Hamilton admits that his platform has taken a hit in the last few months, thanks to a metaverse hype cycle that he wishes never happened in the first place.
“The eyes of the world came on us too soon,” Hamilton told Decrypt. “Honestly, we probably would have liked to have had another couple of years to improve the products before we got to that stage [of exposure], but it is what it is.”
Hamilton thinks these are only temporary setbacks, though. He’s unshaken in his conviction that years from now—in a decade, if that’s how long it takes—humanity will inevitably shift to an all-encompassing, virtual existence in the metaverse. And he’s doing everything he can to ensure that, when that day comes, Decentraland will have built the foundations of that digital world in a manner that prevents it from falling—like the physical world—into the hands of hyper-centralized corporations.

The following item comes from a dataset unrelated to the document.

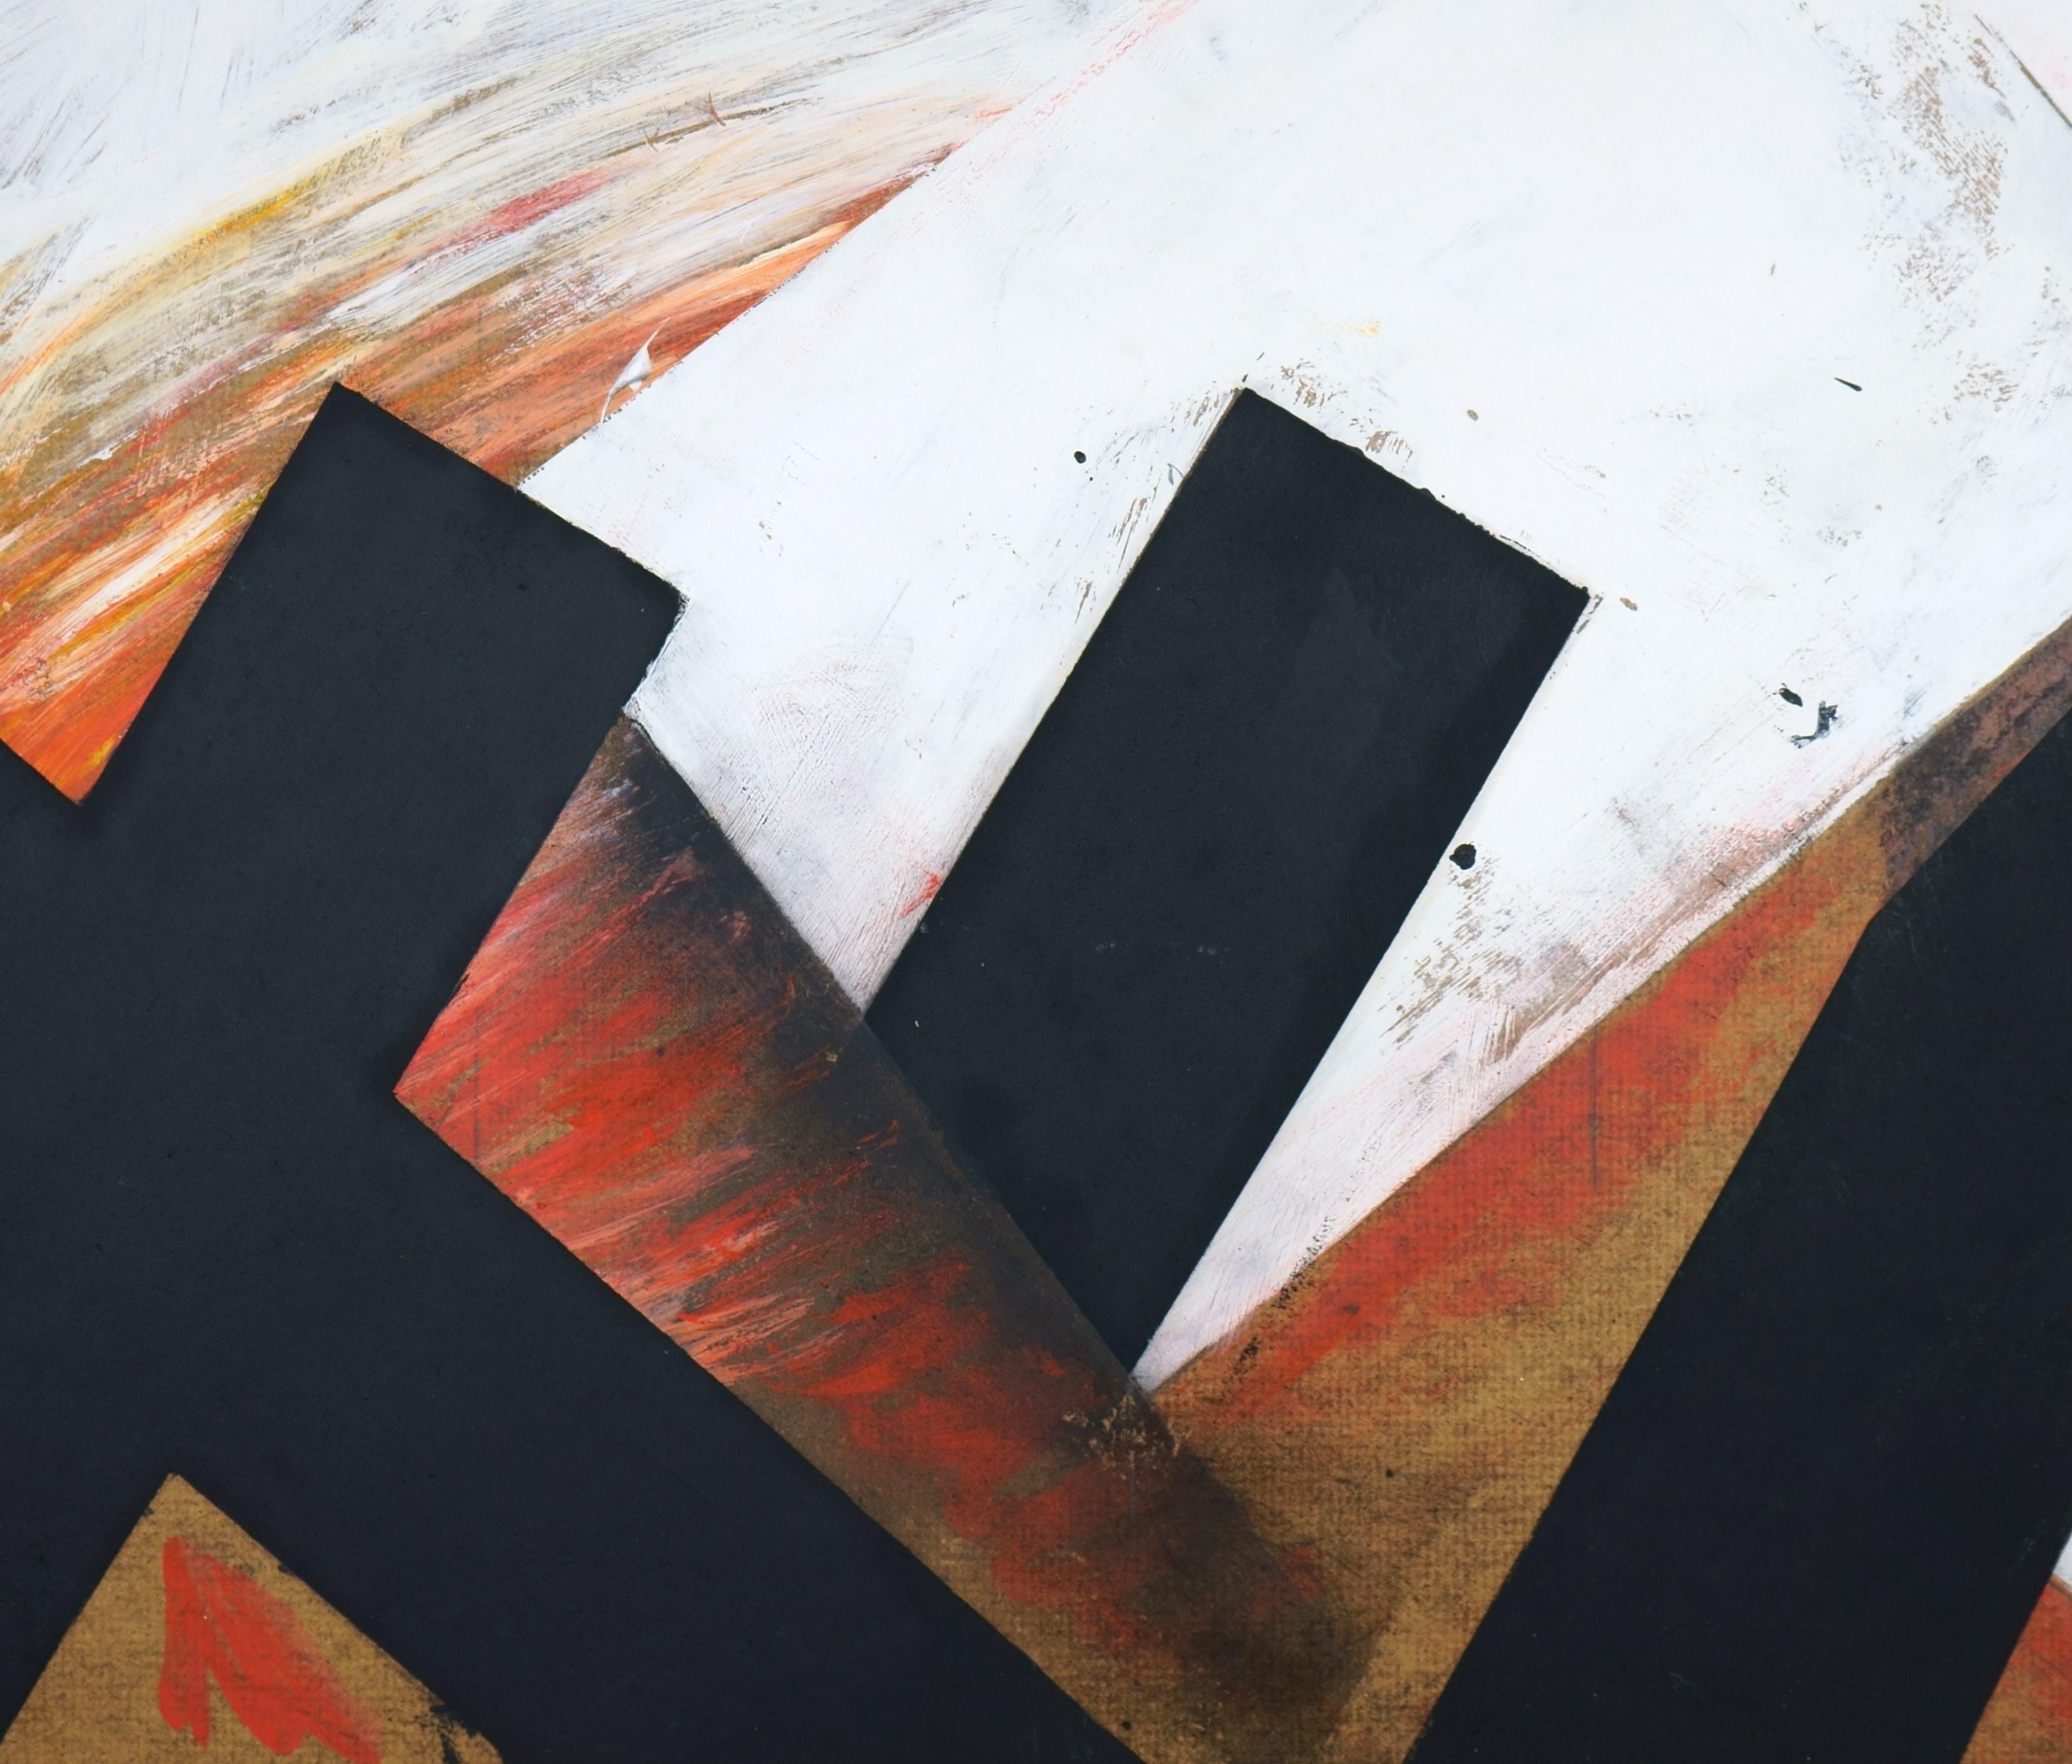 Schwarze Formoberflächen auf rotem malerischem Grund / - Die doppelte Ursprünge der Malerei – Painting von Jürgen Möbius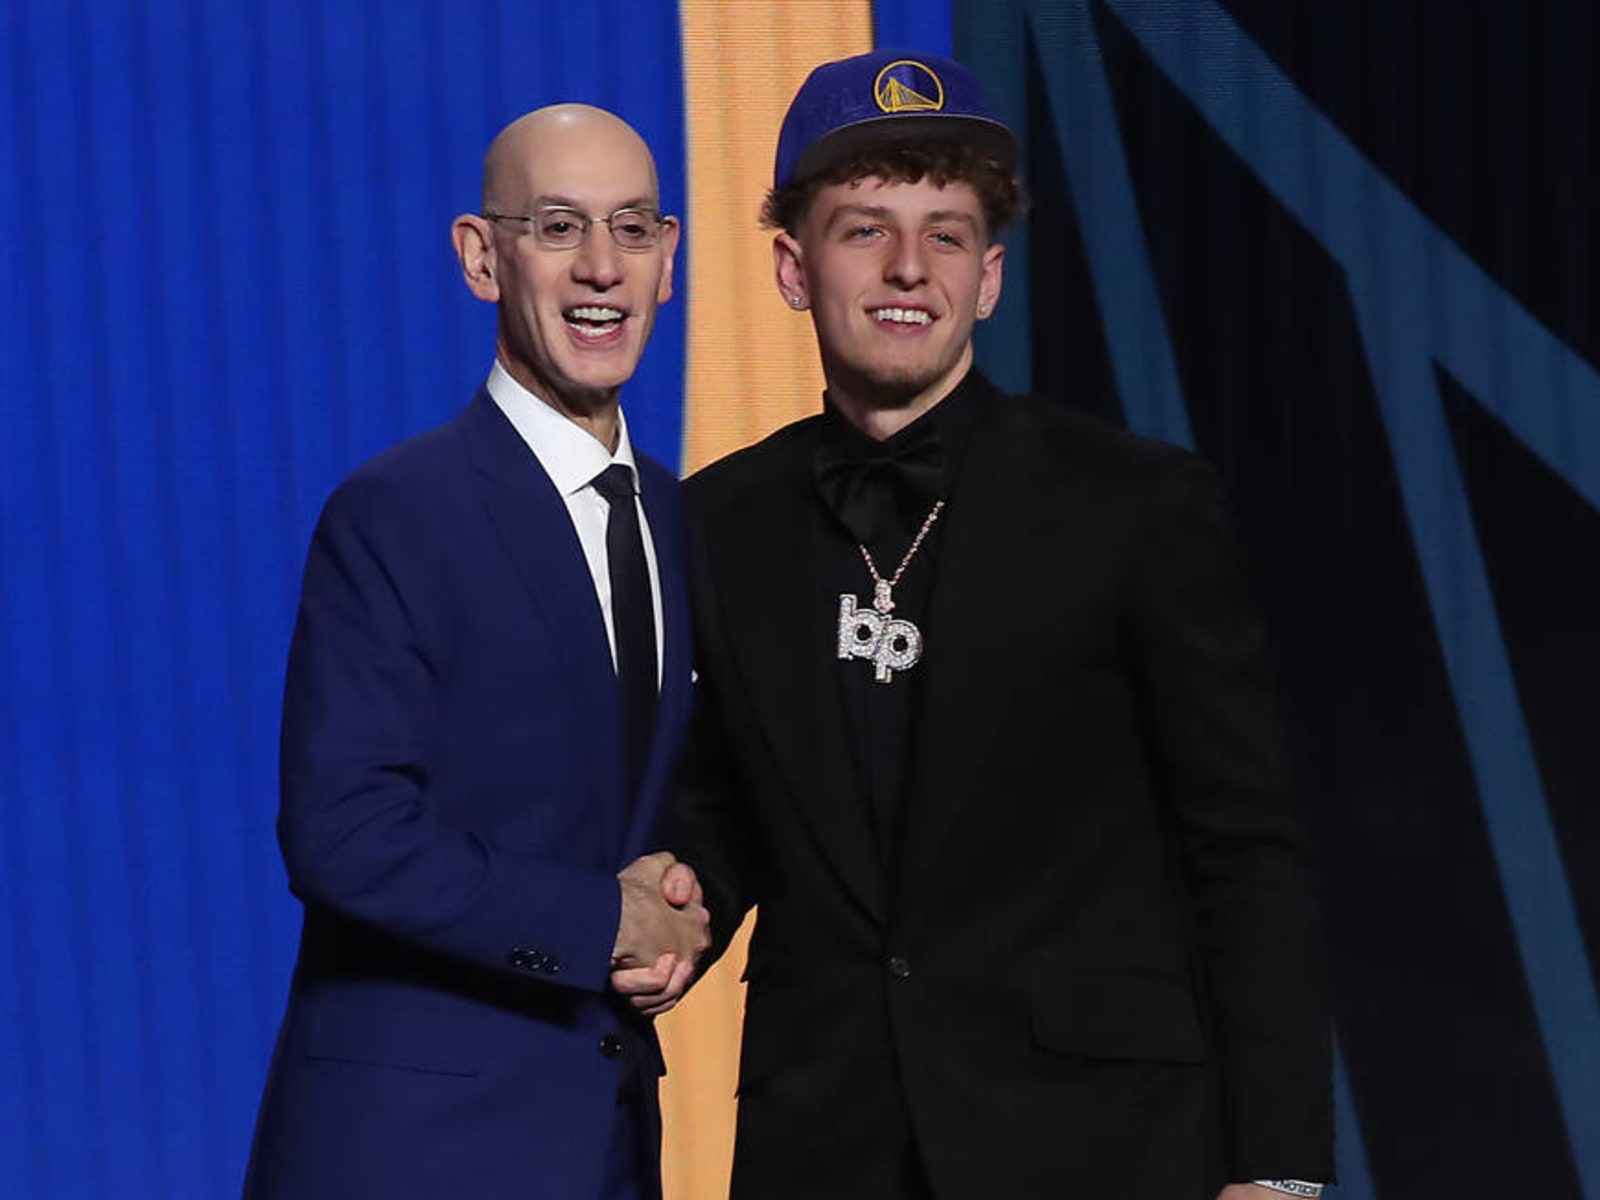 Brandin Podziemski latest Milwaukee player to be drafted by Warriors

He concedes that Decentraland’s still-steady core following of around 10,000 people is an ideologically-motivated group that’s sticking around more for the theoretical promise of the metaverse than for tangible perks likely to attract average internet users.
“The people who’ve stayed, they’re brought together by philosophies. They want to see the internet move in a different direction,” Hamilton said. “Most people don’t really care about decentralization though.”
Hamilton can’t wait for those masses to change their priorities.
“The truth is, by the time they do care, it will probably be too late,” Hamilton said. “So we have to maintain that philosophy, and we have to fight that battle, even though it makes our job harder.”
Corporate-dominated, isolated microverses may well spell the immediate future for commerce and gaming in Web3, but Hamilton says he’s playing the long game.
“If you projected the metaverse onto cinema, we’re still in the days of silent movies,” he said. “We’ve got so many decades of innovation and invention ahead of us until we get to blockbusters like Star Wars.”
The thing is, silent movies packed theaters too.